Ma. Angelica Louise Naval, Norise Rgio Ortega

Miriam College

October 4, 2011
Abstract

We cannot deny the difficulty of finding a job here in the Philippines. Even those with degrees

are having a hard time finding a job that meets their needs and their family’s needs and because of this, a

lot of Filipinos are taking the opportunity to work abroad but in doing this they must learn to adapt with

the culture of the people they’re working with. The purpose of this study is to find out the degree of

conformity among overseas Filipino workers. In order to do so, the researchers went to POEA where they

got 170 OFWs as the participants. Four domains were used: belief, decision-making, lifestyle and

relationship. However, the results failed to come up with a strong conclusion.


Introduction

Working overseas nowadays is an ordinary thing for Filipinos. According to the 2010

census released by the Philippine National Statistics Office, there is about 2 million Overseas

Filipino Workers who works abroad (Ericta, 2011). It is common to know that in every Filipino

family there is at least one who is working in another country. Each of them has their own

different reasons why they want to work in another country; some might think that it’s a superb

opportunity while others might find it as their last resort in order to fulfill their family’s needs.

But accepting the fact that they are going to another country for hope of a good job, they are also

challenged to adapt the culture of the country where they will be staying.

However, the researchers have no interest with the personal reasons of Filipinos going

abroad but with the degree on which OFWs’ adapt a new environment, culture, and different

people. Also, with regards to what Herbert Kelman proposed, this study sought to find out if in

which type of conformity most OFWs fall; compliance, internalization or identification. By

assessing the level of conformity of OFWs, this can help the researchers to make an assumption

about the how well they live in foreign countries in terms of adapting to changes. This would

also help in gathering more information about the social status of Filipinos working abroad.
Review of Related Literature

According to Ducanes and Abella, Overseas Filipino Workers (OFWs) are figures who

are both much celebrated and much lamented from within the Philippines and outside of it.
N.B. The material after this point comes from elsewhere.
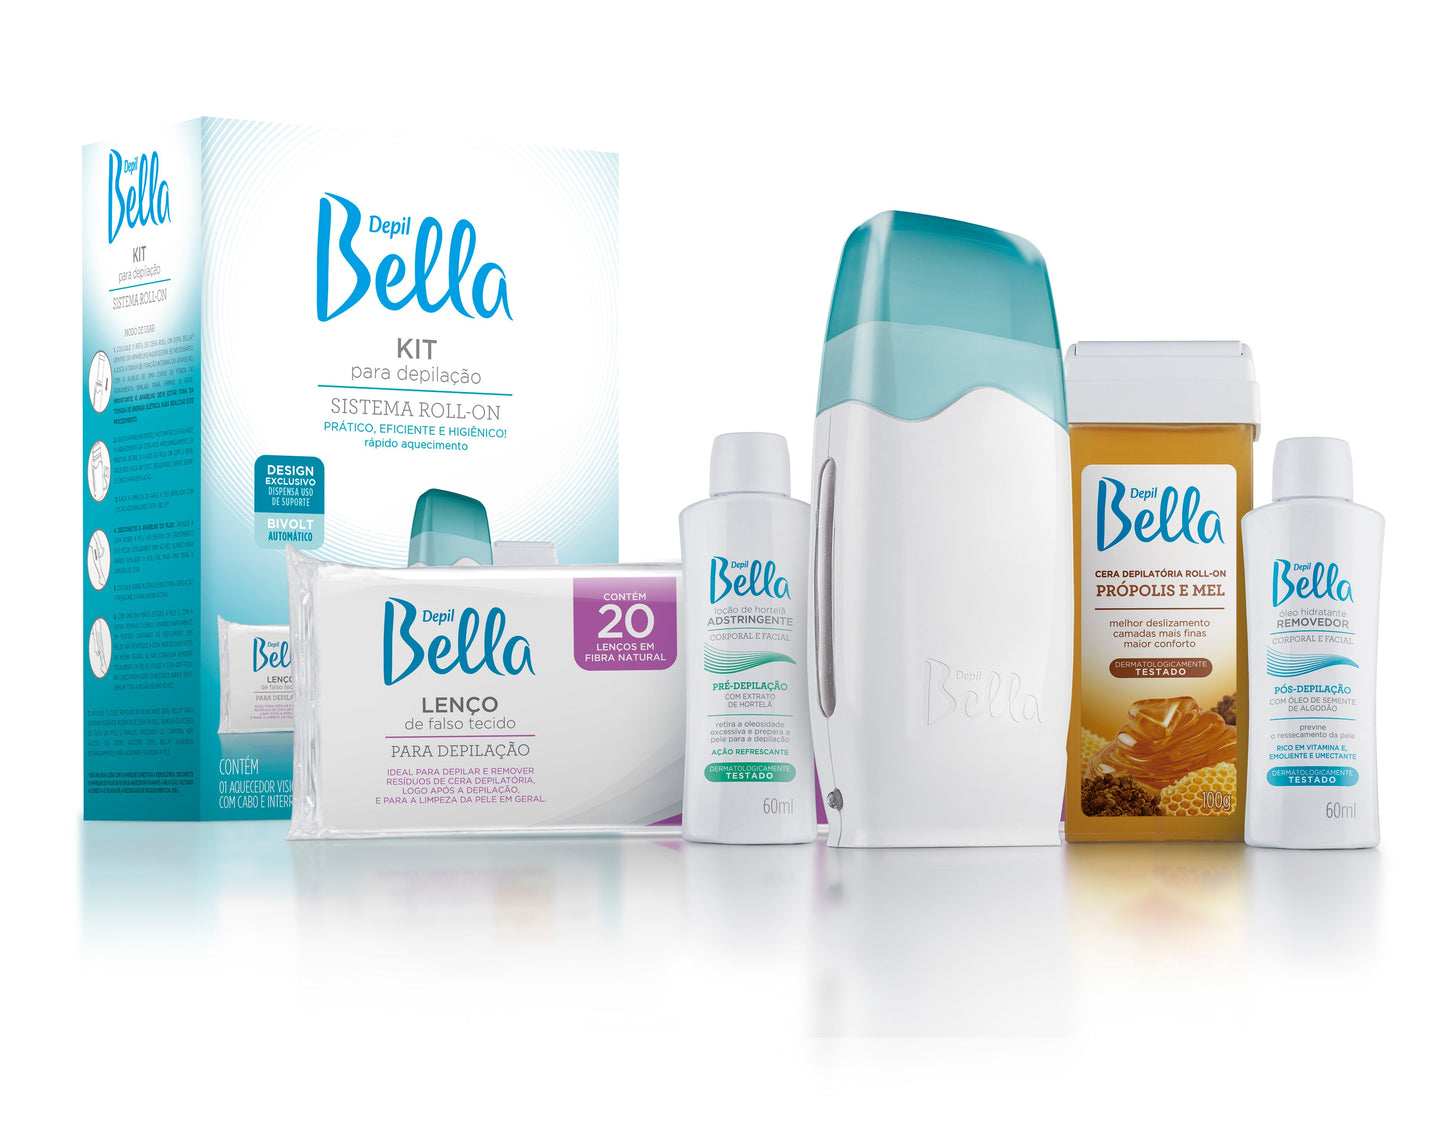 Kit Depil Bella Hair Removal Waxing - - Depilcompany

OFWs are often called modern day heroes and their remittances frequently credited with having

kept the country’s economy afloat in the face of myriad political and economic crises over the

past three decades. On the flipside, OFWs are also often held as symbolic of the sad state of

Philippine society, especially as it is feared that the most talented workers are among those

leaving the country, at times to take on lower-skilled jobs not commensurate with their

qualifications.

There are many traits that Filipinos are well-known for; one of these is conformity. It was

described as the practice of making oneself fit in to his surroundings or accommodating the

norms that are being practiced in the place where he lives. (Tadiar, 2009) Conformity is not just

doing what other people do but it is also being affected with what you change in the way you do

something. It is being different, acting strangely from how one person knows himself personally

(Myers, 2010).People conforms and adapts their unreal personality. When they conform, they

became more powerless and to be able to break this people should achieve self realization

(Fromm, 2009). Conformity becomes a positive attitude when it boosts one’s self confidence. It

makes people feel even better when the result of their conformity is social approval especially in

groups where they have a great need to belong. (Psych Blog, 2010)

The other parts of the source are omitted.